(no title)
SenHeng | 2 months ago
I’ve been on a Ghibli binge this week because my wife can’t believe that I’ve never watched any of their films so we’ve watched 1 a day. I wasn’t intentionally avoiding them, they just didn’t seem interesting based on the few clips I’ve seen. Having watched a few, my opinion is unchanged. I enjoyed them, I just don’t ‘get’ the craze.
While the films are generally beautifully animated, I simply couldn’t get into the stories nor understand why they’re so highly acclaimed. I say this as an anime fan and a fairly typical otaku.
The stories don’t really have a proper conclusion, it’s often a pattern of a thing happened, let’s undo the thing, life goes on.
The Japanese voice acting is often quite bad as Miyazaki seems to have a very thing against using professional voice actors.
The music’s cool though.
- Nausica
- Raputa
- Totoro
- Mononoke
- Spirited away
- Howl
NalNezumi|2 months ago
>The stories don’t really have a proper conclusion, it’s often a pattern of a thing happened, let’s undo the thing, life goes on.
One could say this about Ghost in the Shell, Akira, and even Evangelion too.
I personally think that Ghibli is popular because it gives a sense of nostalgia, a beautiful depiction of nature and it feels alive because the care that goes in to the background and background characters movement.
It feel less like a theater, a story crafted to entertain, and more just like a snapshot of life of someone/something that will go on after the movie ends.
Also as for music. If you watched the American version, they've actually changed many scenes and added additional music. Disney said that American populace couldn't watch a scene where no music is present for happens for more than 3 min so they had to add some extra music. [1]
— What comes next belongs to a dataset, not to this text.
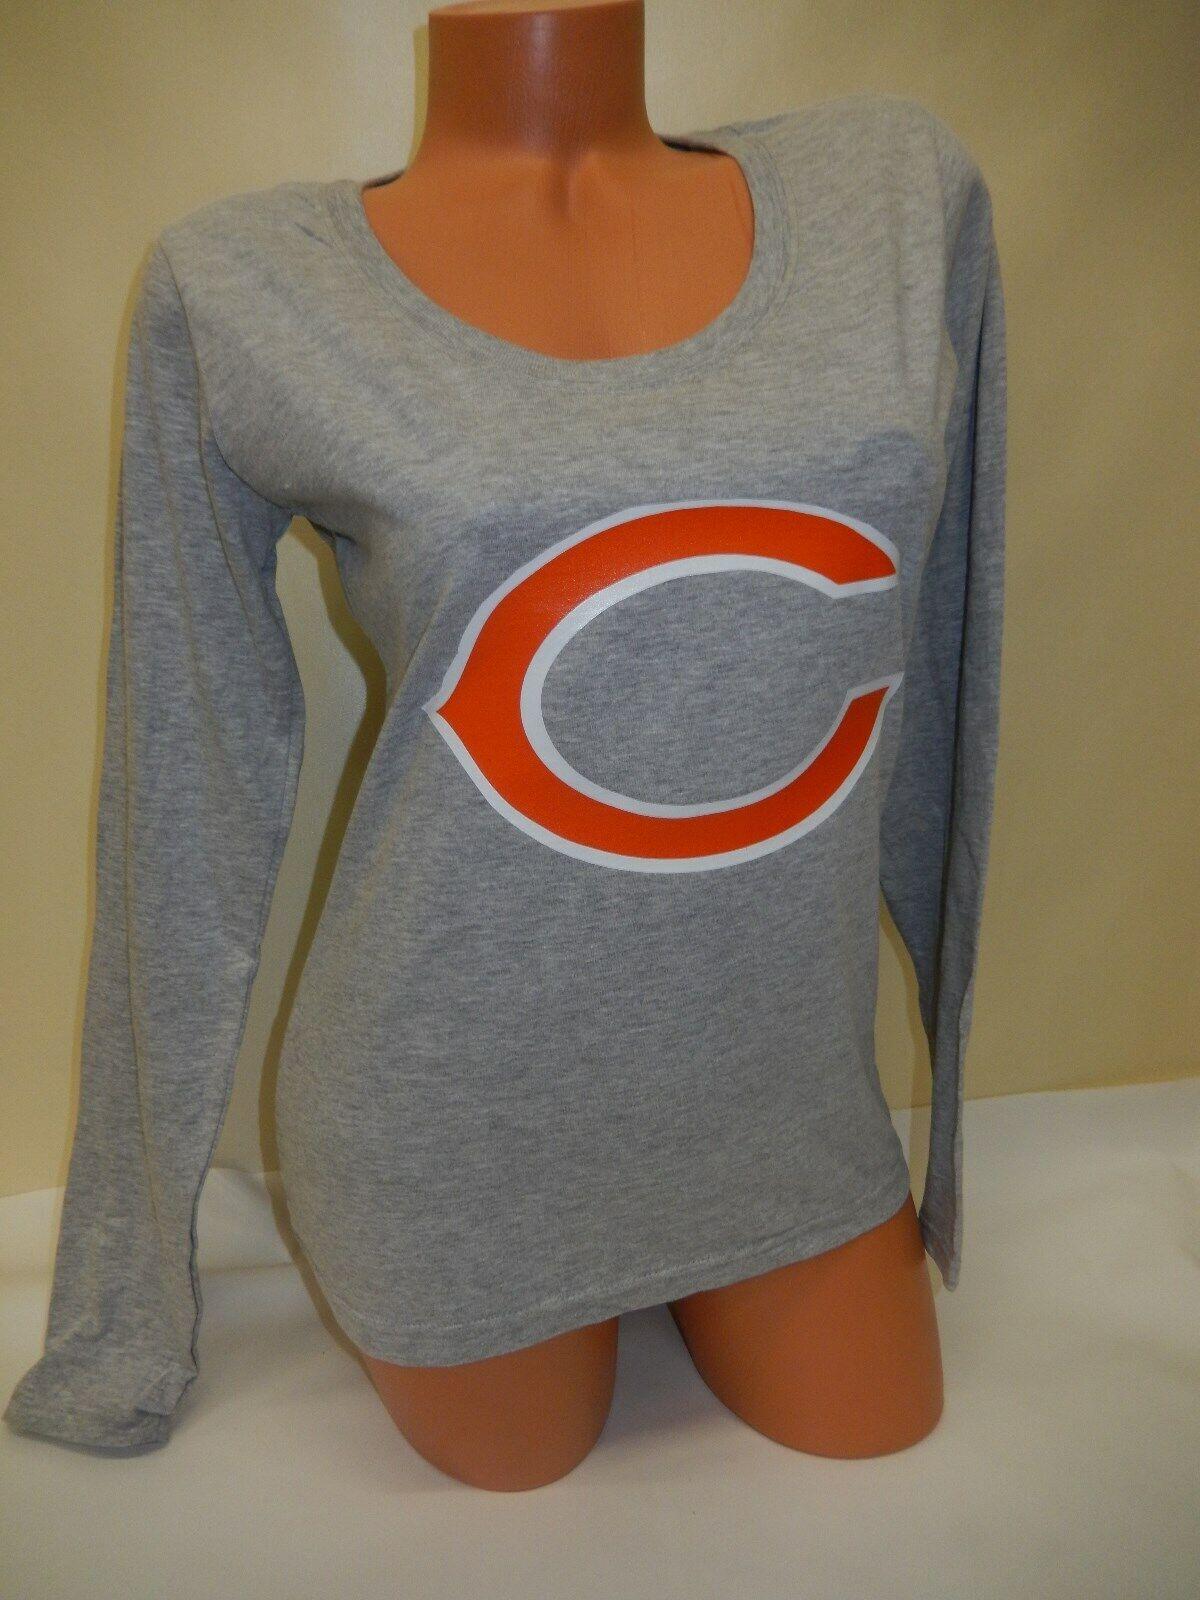 9822 nfl apparel womens ladies chicago bears

[1] https://youtu.be/jM6PPxN1xas?si=pqBBNhnKtujxs4kt
SenHeng|2 months ago
That’s definitely something I felt the whole time. They’re anime for non-anime fans.
Story-wise, Gits and Akira do have a kind of logical story progression. I don’t understand Eva too. Cool visuals though.
Let’s take Princess Mononoke as an example. The Main Character goes west in search for something, discovers a Japanese Industrial Revolution underway led by some lady Eboshi. Eboshi and tall shoes guy kill a god, causing massive death and destruction, but they returned the god’s head at the end and suddenly everything is forgiven. Mononoke’s adopted mom is dead, several tribes of boars are dead, thousands of people are dead, the industrious village is destroyed and large numbers of their inhabitants sent to die in an ambush by their own boss but it’s all OK, because the people that started it ended it by returning something they stole. What?
Similar thoughts for Raputa and Howl.
stryan|2 months ago
For a practical advice, I'd suggest watching either The Wind Rises (if you want strictly Miyazaki) or Only Yesterday (if any Ghibli is fine) next. Neither will have the strict conclusion that you are looking for, but they both are more "adult" films that are similar to Western dramas so you might find your brain is more accepting of that. At the very least you might find them more relatable than his other films and their child protagonists; I think The Wind Rises should speak well to any tech worker these days.
For less useful advice: it wasn't until I had an apartment high enough that I could see the skyline over the trees did I begin to understand why artists painted clouds the colors they did[2]. All art is holding a mirror up to nature, sometimes you gotta touch grass before you can get it.
[0] https://en.wikipedia.org/wiki/Kish%C5%8Dtenketsu
[1] Castle in the Sky and Porco Rosso are my favourite Ghibli films, but Totoro I think is the greatest children's movie of all time and one of the few films capable of reminding someone what being a child is really like. I never got into Spirited Away or Howls Moving Castle though.